What this task involves →
If pictures appear in the lines below, skip them and copy exactly the lines from the one containing "SMOOTH audio waveform" through the one containing "Bamboo forest at Kodaiji Temple", and nothing else.

The records →
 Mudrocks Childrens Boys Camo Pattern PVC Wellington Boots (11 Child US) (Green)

...

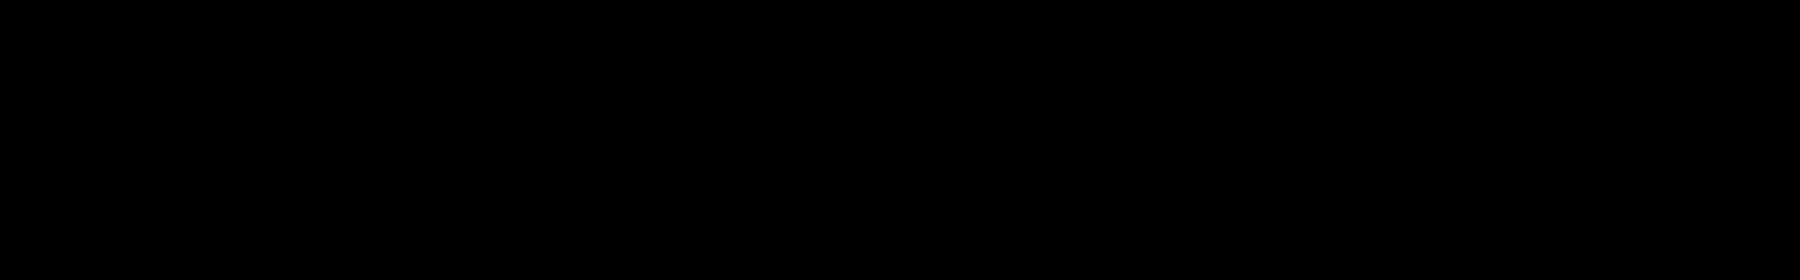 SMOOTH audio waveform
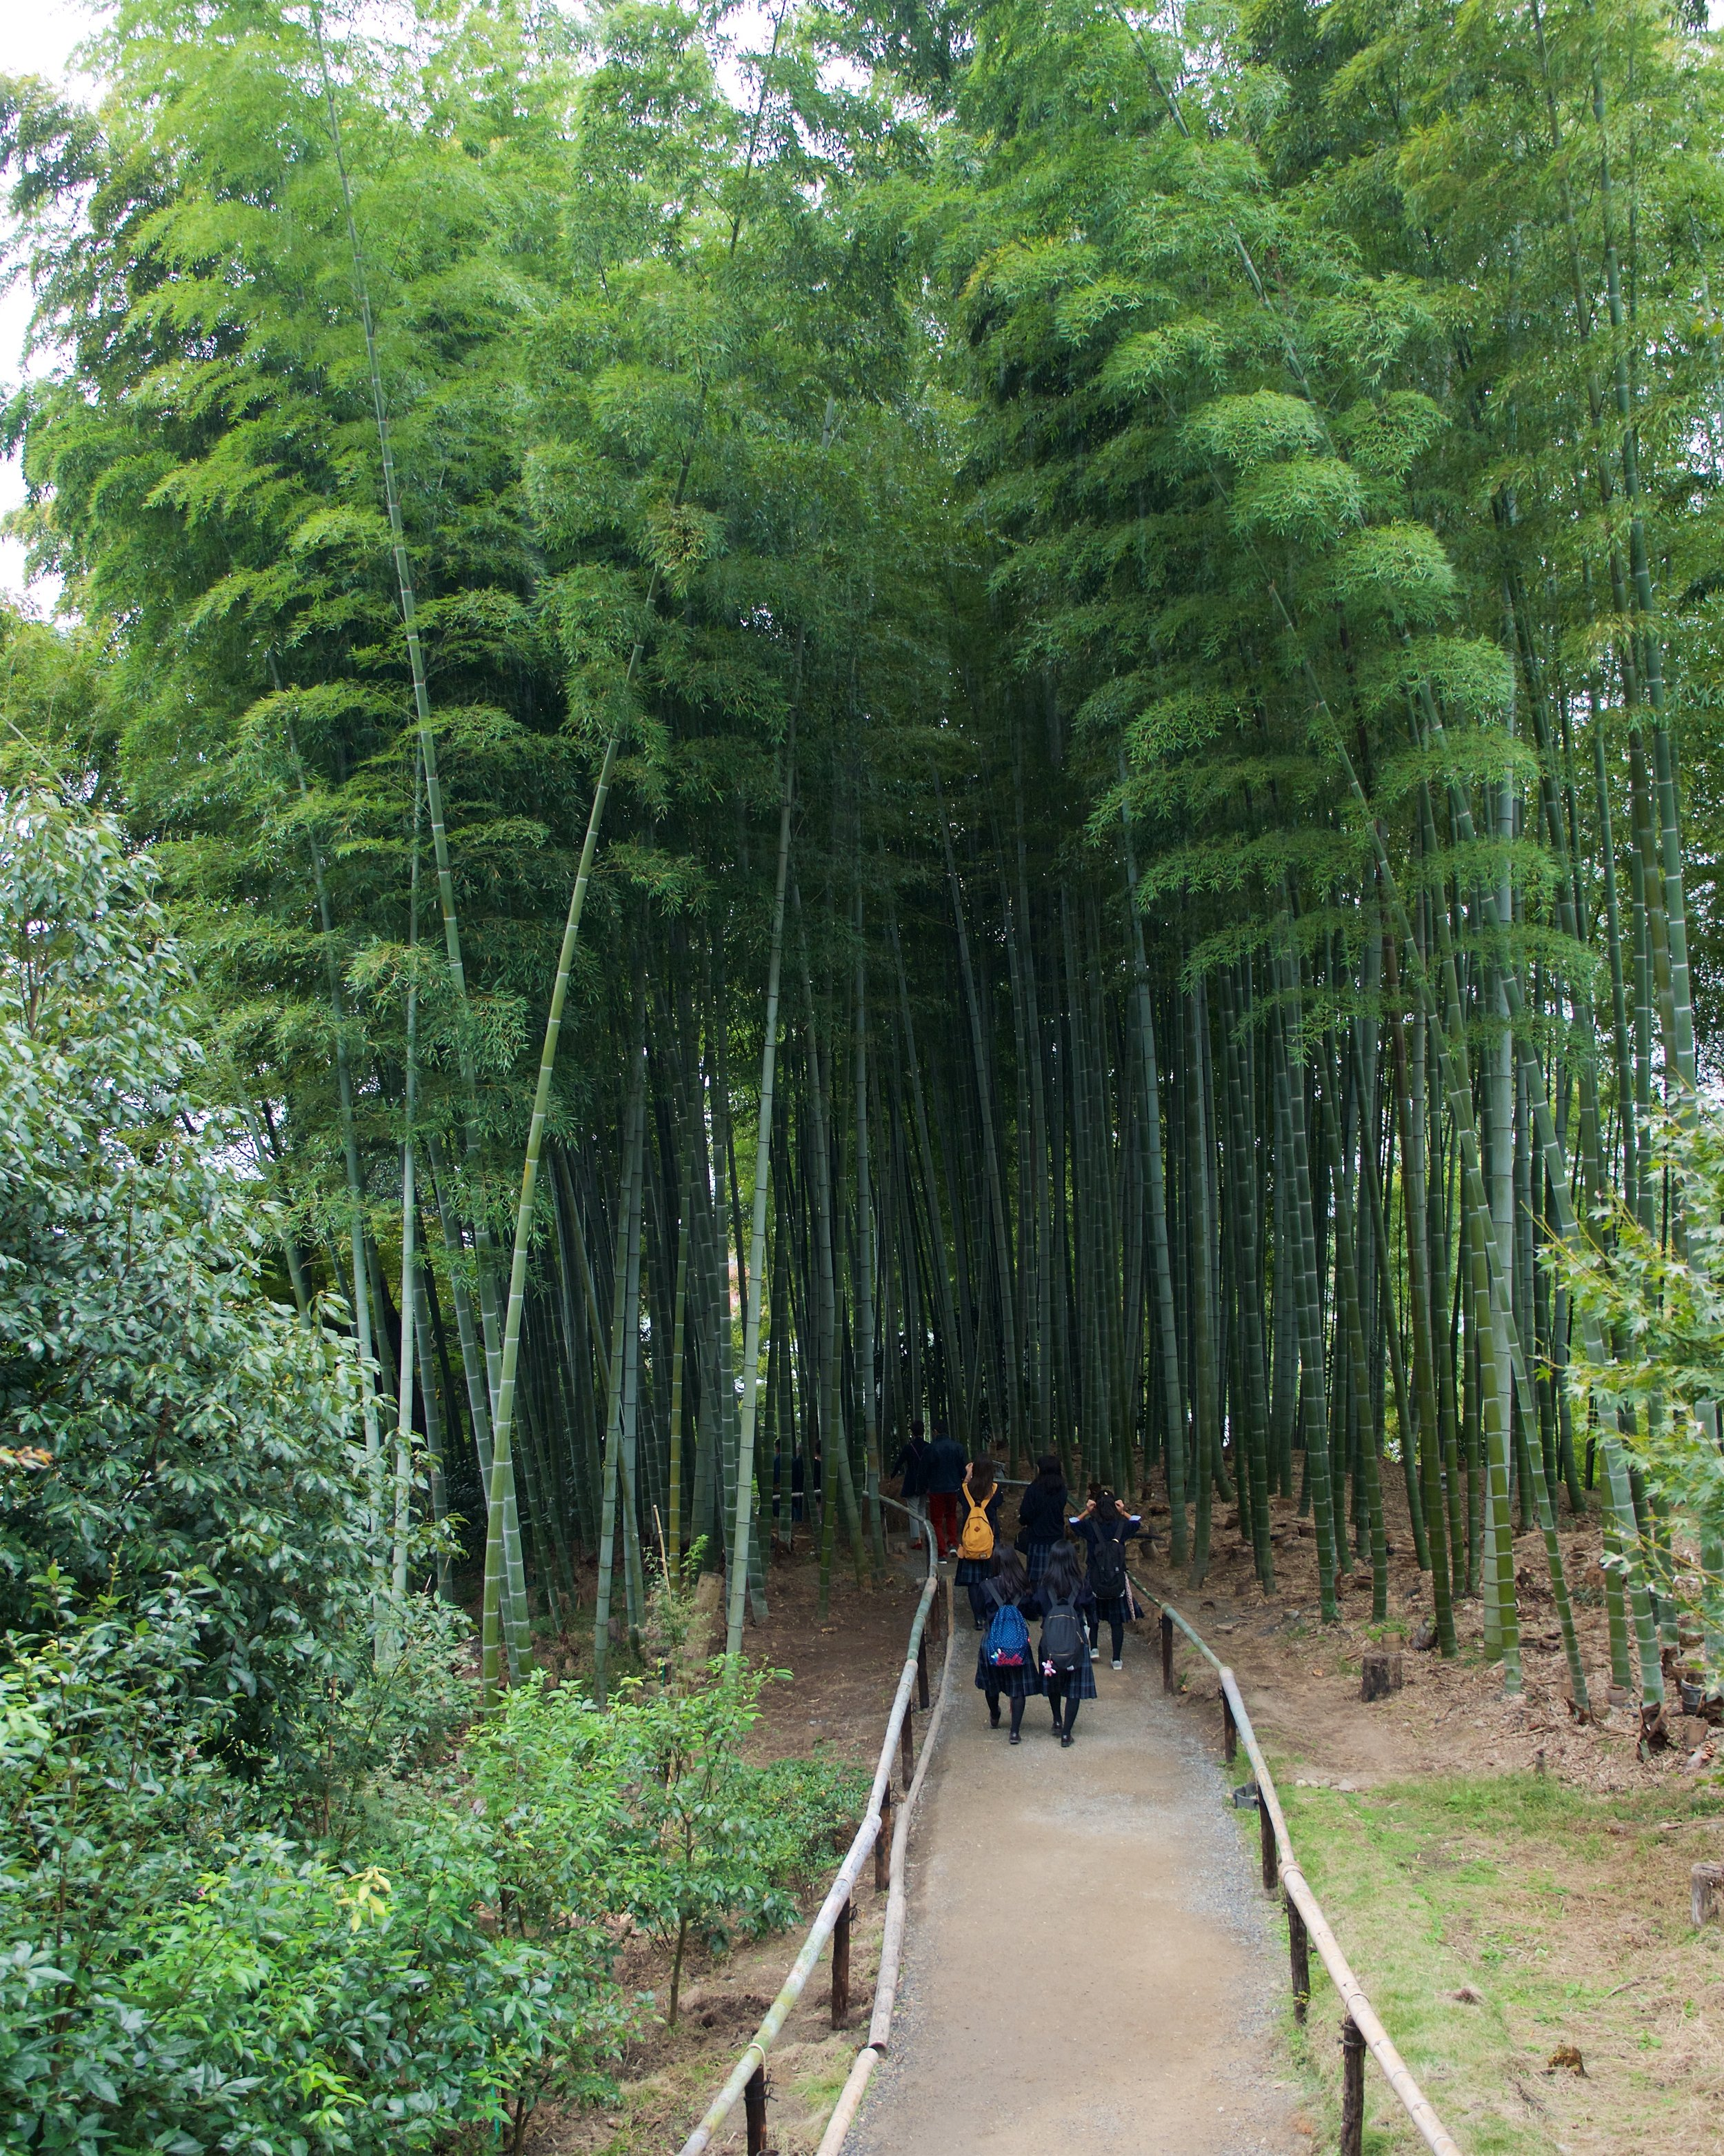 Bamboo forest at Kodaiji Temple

Written reply →
 SMOOTH audio waveform
 Bamboo forest at Kodaiji Temple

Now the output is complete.